Tessera Therapeutics, Flagship’s major bet on what it calls gene writing, is letting go 13% to 14% of its workforce, a spokesperson confirmed to Endpoints News.
The well-funded Boston biotech will reduce its headcount as it focuses on getting into the clinic. The spokesperson said the move impacts “less than 50 employees.”
“As a result of positive data from our preclinical programs, we have reached an inflection point where we need to rebalance the resources of our organization to prioritize and grow our clinical development efforts in anticipation of advancing multiple candidates into the clinic,” the spokesperson wrote in an email.
“Consequently, we have made the decision to reduce our current staff in some areas while continuing to hire in others that will support our goals,” the spokesperson added.
Headcount reductions have been a common move for gene editing startups and platform biotechs that launched with grand ambitions but have had to scale back in order to save capital for costly human trials.
Tessera is one of the highest-profile startups incubated by Flagship Pioneering, the firm behind Moderna, among dozens of other companies. Tessera launched in 2018 and has reeled in more than $530 million. Flagship poached former AbbVie vice chair and president Michael Severino as its CEO in the summer of 2022.
The upstart’s so-called “gene writers” tweak particular letters or insert new sequences of DNA. It’s part of a third wave of gene editing, and researchers have said the biotech’s technology sounds similar to techniques being explored by other fledgling companies.

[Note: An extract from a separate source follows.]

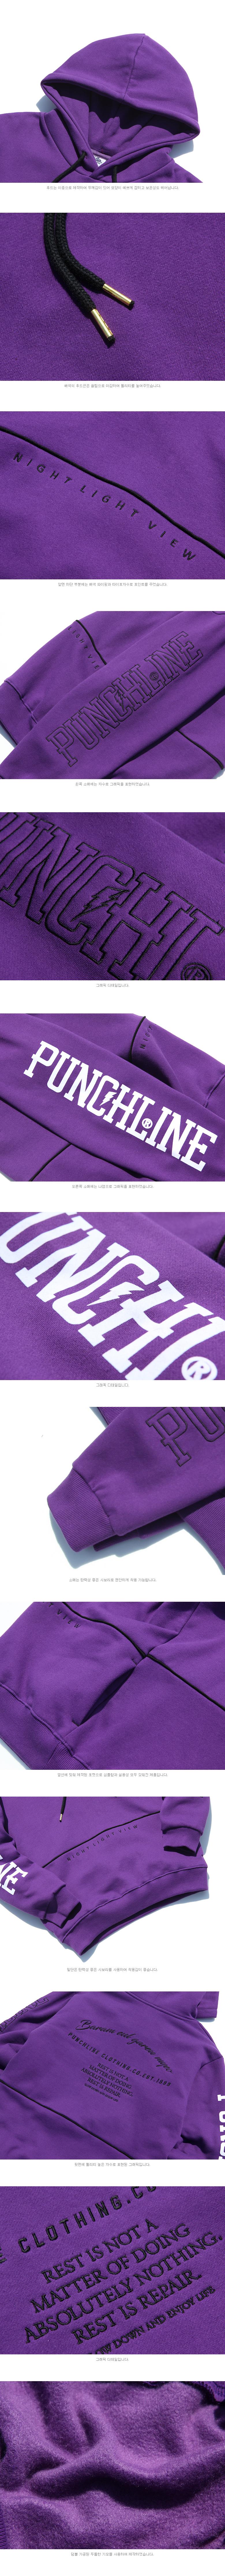 20180905_pl_KHHD6100_detail_purple_02.jpg

At last year’s American Society of Gene & Cell Therapy conference, Tessera lifted the cover on early data for five of its preclinical programs. At next month’s iteration of the annual confab, Tessera plans to share more on its in vivo therapies for phenylketonuria, alpha-1 antitrypsin deficiency, sickle cell disease and Wilson’s disease, Severino said in a press release on Monday. It will also present updates on its T cell-based therapies, he said.
“We’re simply trying to demonstrate whether our delivery works and whether gene writing machinery works in the way we would expect,” Severino told Endpoints at last year’s ASGCT conference. “When the answers to those questions are yes, precedence tells us it translates with a high degree of certainty into the clinic and so we think these are very, very exciting results.”